Bat Boy himself, born in 1982, was an intelligent creature, but also something of a mythological trickster, often giving authorities the slip. He was eventually granted his own Javert in the form of one Matthew Daemon, SOS (Seeker of Obscure Supernaturals). Bat Boy was also something of a criminal, reportedly drinking blood of human victims — often through a crazy straw.
Bat Boy’s life was one of incredible and amazing incident: He was captured, he escaped, he was dead, he faked his death. He met Elvis. He bit Santa Claus. He joined the army. He converted to Judaism. He worked with the government. He defused bombs. It was even once rumored that he was dating Jennifer Lopez.
Over the years, the actual narrative of Bat Boy’s life grew more and more strange, and he seemed to move with no purpose or reason. He staggered in and out of the public eye — sometimes as a villain, sometimes as a hero. He was a criminal and a vigilante, an attention whore and a recluse; a healthy man about town, and an underground agent.
Bat Boy’s life has remained consistently reported, even as public interest has waned. Although he is still something of a folk hero, his star has definitely fallen since his glory days of 1992. In many ways, it’s like he’s dissipating. The WWN, however, has never stopped a running tally on his life, even if the public isn’t paying as close attention.
WWN once reported that Bat Boy had joined a band, but the name of the band was not revealed. In 2003, Bat Boy was one of the many crazy celebrities who ran for Governor during that whacked-out recall election that led to Arnold Schwarzenegger being governor. (Bat Boy would have perhaps made just as good a governor as any of the others that year.) Bat Boy was a Republican, and protested gay marriage acts. He was a supporter of John McCain in 2008, but eventually changed his mind. Adherence to politics is usually a last-gasp stab at fame made by celebrities… if Bat Boy can ever be considered a celebrity.
Bat Boy seems to be in a constant struggle for fame: We can’t be sure if he’s doing his fun stunts because he’s a thrill-seeker, or if he just wants WWN to report another story. Did he really want to be Pope in 2013? And what does he think of BAT BOY: THE MUSICAL, the stage production that debuted in 1997, and ran off-Broadway in 2003, and still enjoys revivals to this day [and which we covered in our feature on the oddest horror musicals]. And how involved was he in the seminal 2010 volume GOING MUTANT: THE BAT BOY EXPOSED!?
Bat Boy seems to me to be a tired man who is only prolonging his quarter-life crisis. He thirsts for attention and media reportage, but also seeks solitude and anonymity. He hasn’t learned to balance the two halves of his life, like Bigfoot. The human world offered him too much fame too quickly, and his life is now a litany of acting out.

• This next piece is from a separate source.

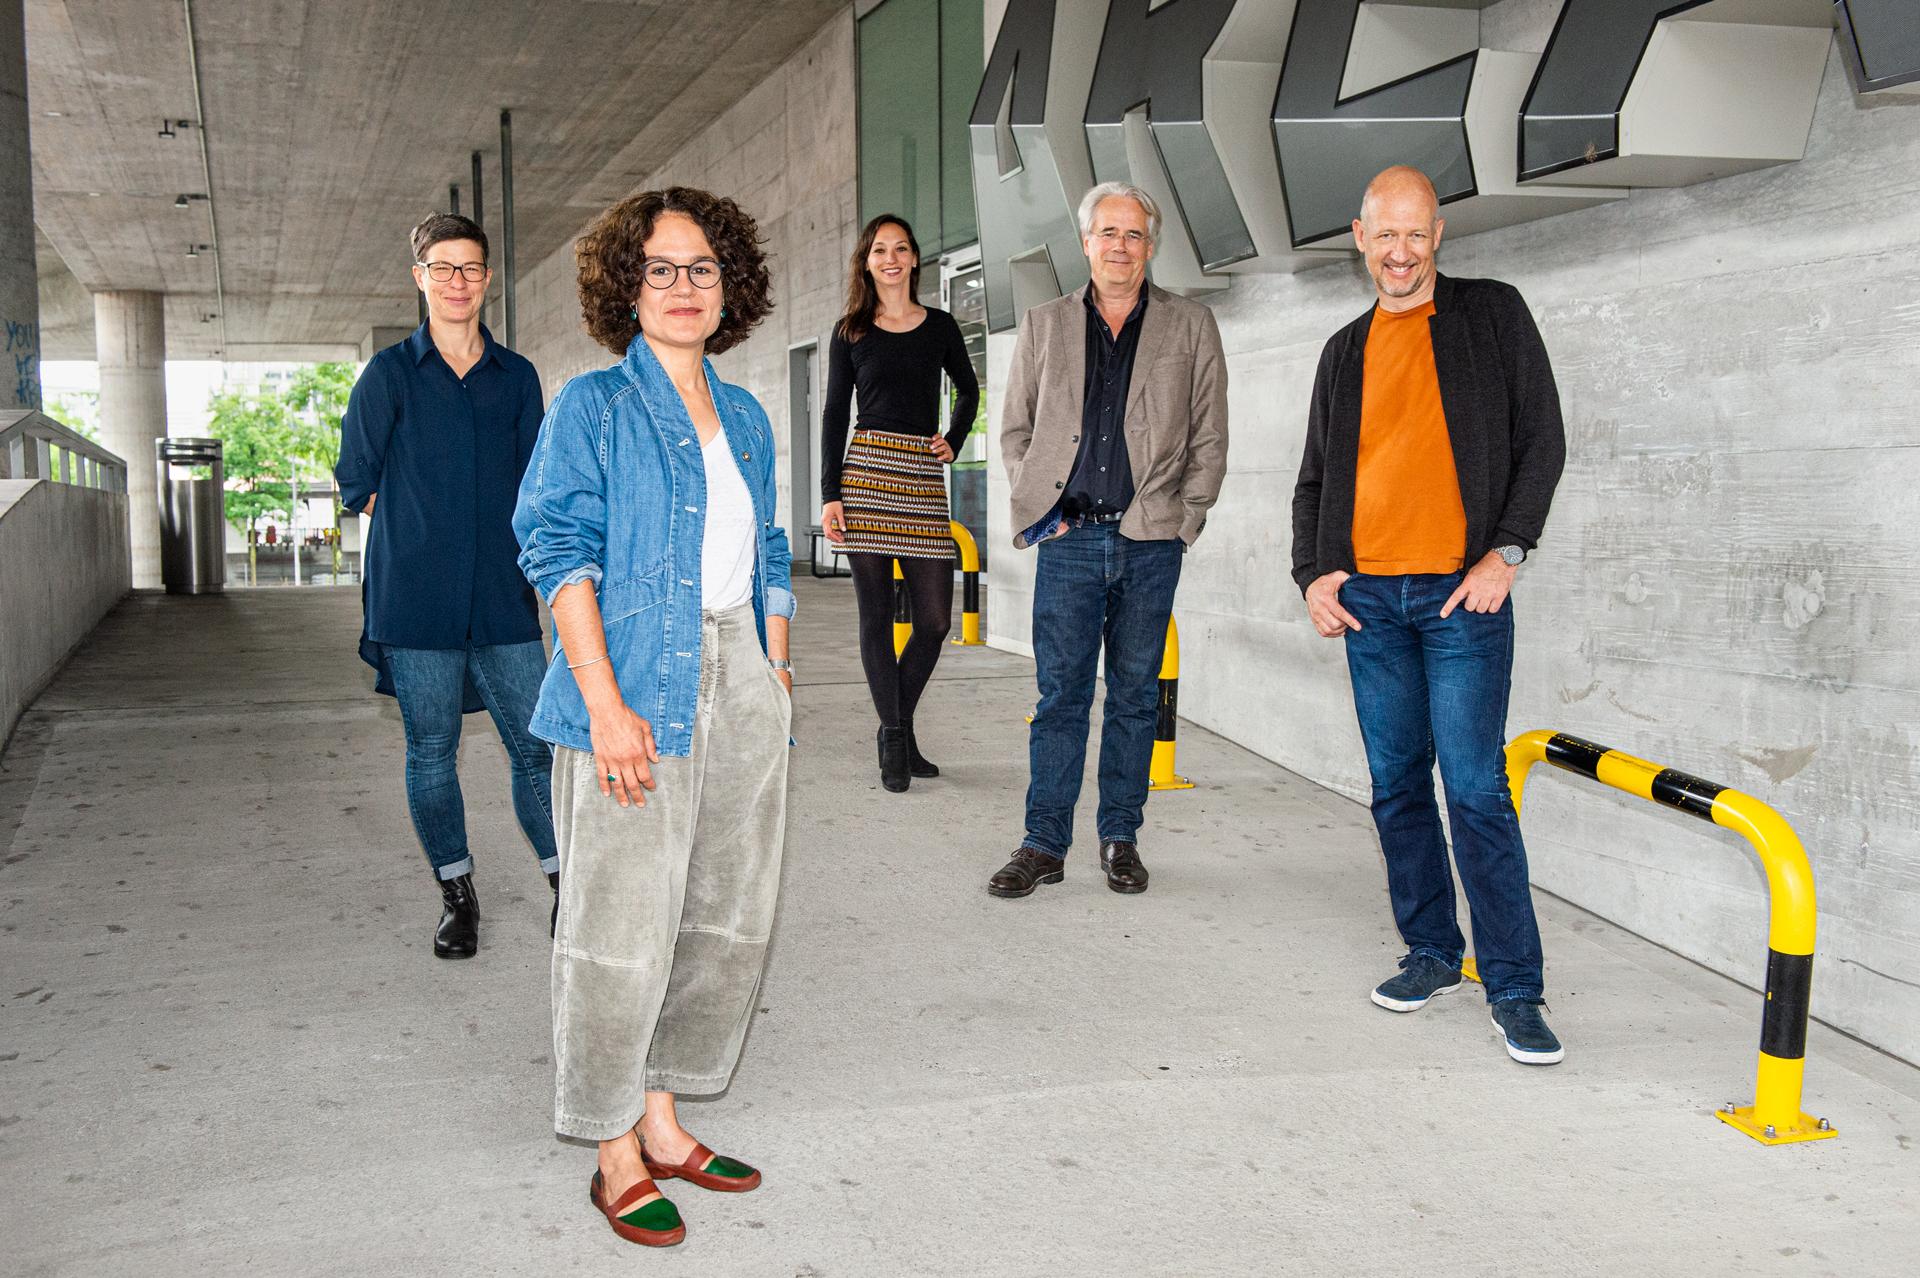 From left to right: Ursula Ledergerber, Karin Zindel, Friederike Vinzenz, Michael Eidenbenz, Michael Krohn. Photograph: Johannes Dietschi

The Weekly World News will continue to report on Bat Boy… but sometimes I wish I could sit down with the guy and have a talk. Calm him down. Let him become the grown-up version of Bat Boy, and find whom he really wants to be.
Or maybe I’m just jealous of his Devil-may-care approach to life? Why slow down for anything? Maybe the reportage is incidental, and he lives life with all cylinders blasting? If he dies fast, we’ll never know if it was real, just another stunt, or just another journalistic conspiracy.
No matter what, Bat Boy has led an odd life.